Abstract 1661P
Background
The nodal involvement status in sarcoma patients (pts) is traditionally considered to correlate with similar prognosis as the distant metastases. However, the data on radical treatment in sarcoma pts with resectable nodal metastases is limited. The aim of this study was to assess the outcomes of sarcoma pts treated with sentinel lymph node biopsy (SLNB) and therapeutic lymph node dissection (TLND) due to regional lymph node metastases.
Methods
In this retrospective study, we enrolled 64 subsequent pts treated in our institution between 1996 and 2019, who underwent SLNB and/or TLND. TLND was performed due to palpable nodal metastases or after positive SLNB. The clinicopathological data were retrieved from electronic health records. The overall survival (OS) was calculated from the radical resection of involved LN to death. Kaplan-Meier estimator and Cox's proportional hazard model were used.
Results
27 females and 37 males were treated including 24 pts with epithelioid sarcoma (ES), 21 - clear cell sarcoma (CCS), 12 - synovial sarcoma (SaSy), and 7 with rhabdomyosarcoma (RMS). The median age was 35 (IQR: 25-46). The median follow-up period was 66 months (95%CI: 60-118).
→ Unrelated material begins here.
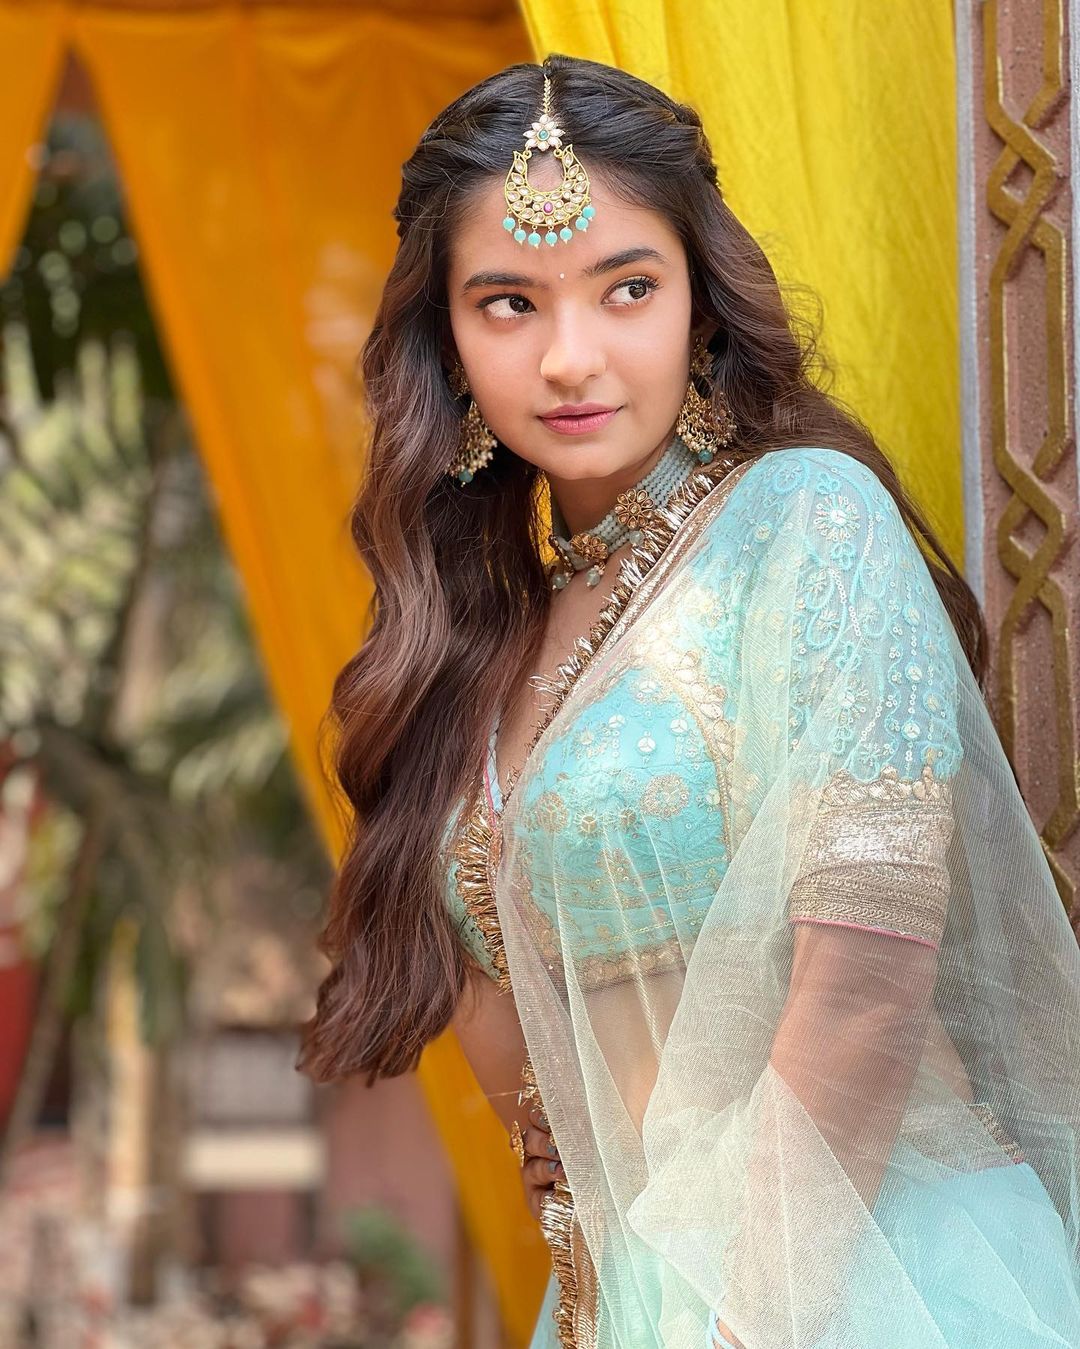 From Anushka Sen, Avneet Kaur to Jannat Zubair Rahmani: The traditional looks of these actresses rocked the hearts of fans 9591

SLNB was performed in 33 cases and positive in 12 (6 ES, 3 CCS, 2 RMS, 1 SaSy). All but one patients with positive SLNB and all pts with resectable clinically detected nodal metastases underwent TLND (positive in 37 cases). Overall no nodal involvement was found in 21 cases (SLN negative), micrometastatic nodal involvement (positive SLNB and negative TLND) in 9 cases and positive TLND - in 34 cases. There were no significant differences in OS between cases with non and with micrometastatic nodal involvement and for those pts OS was 70 months (95%CI: 54-NA). In the group of pts with LN metastases confirmed in TLND the median OS was 18 months (95%CI: 17-48) only. The difference between these two groups was significant with a hazard ratio of 4.6 (95%CI: 2.1-9.7, p < 0.001).
Conclusions
Presence of macroscopic metastases in regional lymph nodes is related to poor prognosis in sarcoma patients. Early detection of LN metastases by SLNB in sarcoma subtypes know for frequent LN involvement maybe related to improved treatment efficacy and survival of those patients.
Clinical trial identification
Editorial acknowledgement
Legal entity responsible for the study
The authors.
Funding
Has not received any funding.
Disclosure
All authors have declared no conflicts of interest.